Btw I’m very surprised by the system cpu used by Drupal.
Thanks for the benchmark.
Hi,
Glad to know HipHop is working greatly with Drupal!
Just FYI, though, Drupal is the third most popular CMS worldwide (after WordPress and Joomla!)
.
@Eric, the probable cause of this behavior (high system cpu usage) is described in my other post, see this link for details:http://php.webtutor.pl/en/2011/06/02/running-php-on-nfs-huge-performance-problems-and-one-simple-solution/ . The article describes problems with NFS, but I think it is also valid for different scenarios with Drupal.
Do you have the settings you used for the APC benchmark – or could you share the whole benchmark configuration on github?
@Mats, as I remember the APC and HipHop for PHP settings are both set to default, I’ll post them tomorrow, because a test server used in this benchmark is currently offline.
Thanks for the nice article, keep up the good work.
this is just using Drupal core, though, right? How does PHP handle code that isn’t compiled? e.g. would it be possible to compile and run the Drupal core with Hip Hop, then leverage standard PHP/APC caching for contrib/custom modules?
@CraigMC:
there is an experimental “phpi” application, it has the features of a regular PHP interpreter, but converts the PHP files into C++ code. Unfortunately I did not tested it, so I don’t know how good it is. There is no option to make a mixed PHP/HipHop for PHP mode, or at least I’m unaware of it.
我用 hphpi运行一个cms 系统正常,但是我运行编译出来的文件(program),cms系统生成的静态网页全是0kb,为什么?
谢谢!
Thanks for the benchamarks. Was APC stat (filemtime) turned off ?

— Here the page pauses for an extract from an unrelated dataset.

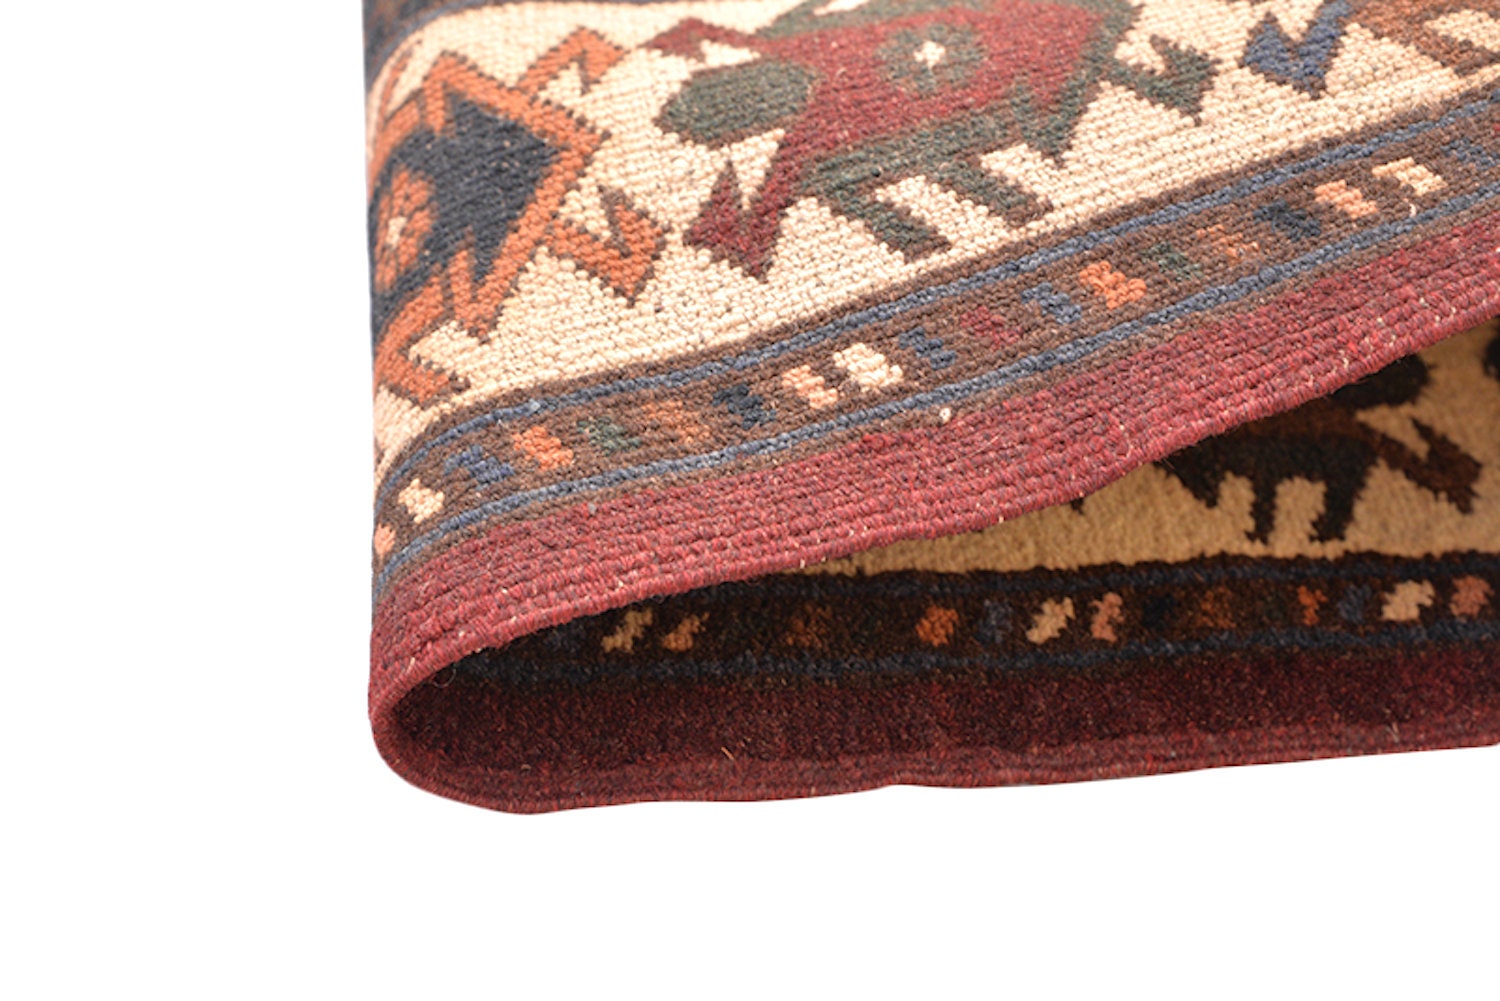 Vintage Area Rug | Red Brown Rug | 4 x 6 Ft | Geometric Tribal | Rustic Dark Toned Rug | Wool Antique Rug
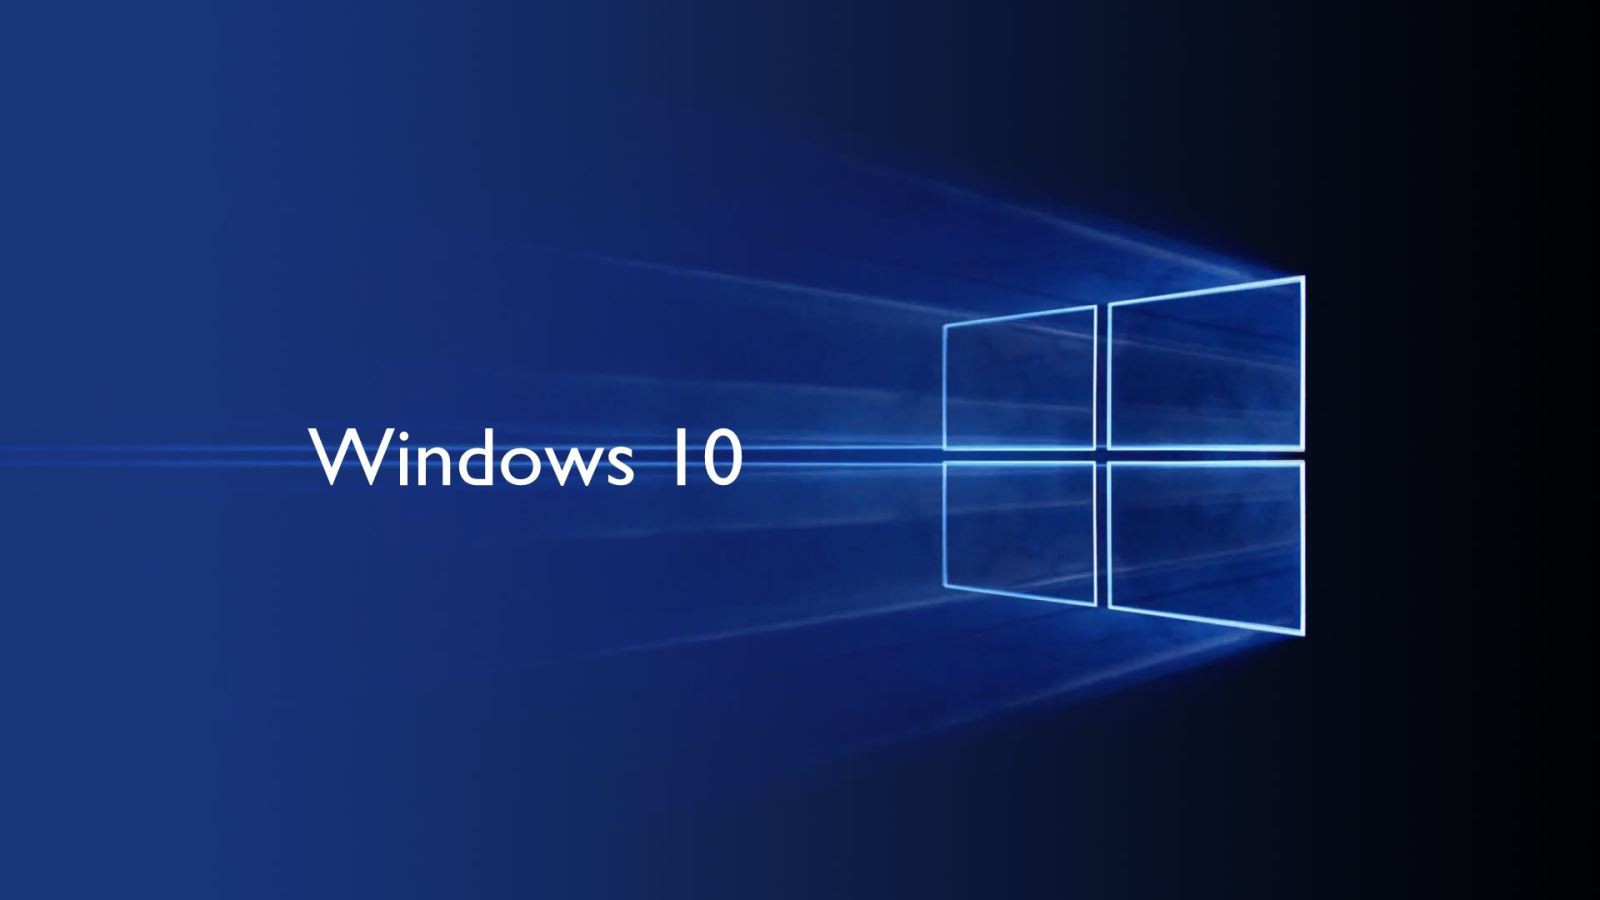 Hết năm 2017, không thể nâng cấp miễn phí Windows 10 - Fptshop.com.vn

Because if not, it was not a best case comparison.
Please print what APC settings were used?
Try apc.stat = 0 and apc.slam_defense = 0
also give APC as large of a memory segment as it needs.
Hi _ck_
I used default APC configuration which can be found here:
http://www.php.net/manual/en/apc.configuration.php
This may not be the best case comparison, but keep in mind that I also used the default HipHop for PHP configuration during compilation.
I see no point using anything other than default (stable) configuration, because it would give unfair advantage to one of two solutions (it would depend which solution I know better).
Sure I could also disable atime and mtime on my local EXT3 filesystem (this would speed up APC more than HipHop), use FastCGI rather than mod_php, lighthttpd rather than Apache, and put everything into ramdisk or SSD disk. But this would be an edge case example.
btw. you can download a VMware image with preinstalled HipHop for PHP compiler from my other article and check your own settings.
Slow with hiphop, I’m C++ guy, I found many problems related to memory leaks. Unless you are prepared with work with schedule service startups and writing additional .bash scripts, it’s not worthy to go with PHP HipHop.
One more, generally CMS got execution path as, 10% server (lending request, parsing html get, rewriting urls etc), 40% rendering (server pages) and 50% db performance. Most of the benchmark results don’t explain what amount of data, complexity of plugins, number of queries and other dependent calls in background.
Looking at my experience in large, I see you can gain 10-15% overall performance over the best optimized PHP setup (Nginx/Lighttpd + APC + Memcache + Static File Generation Plugins + CDN support).
Facebook has limited scope of caching as, it’s stream/timeline service, for them it does make sense, the scale allow them decent budget to maintain such overhead over development cost.
Rest is your choice. I’m pro HipHop but for right solution.
N.
Yes, you’re right about the execution paths. From my experience, the 60-70% of execution time is consumed by the DB processing/communication.
Unfortunately on larger setups and busy sites even extra 10%-30% can make a huge difference. Correct me if I’m wrong, but in most cases performance degrades exponentially (especially when there is more parallel request than available CPU’s, etc).
I’m also not suggesting that HipHop for PHP is a silver bullet for every one, just look at my other articles about HH where regular PHP is sometimes up to 10x faster than compiled applications.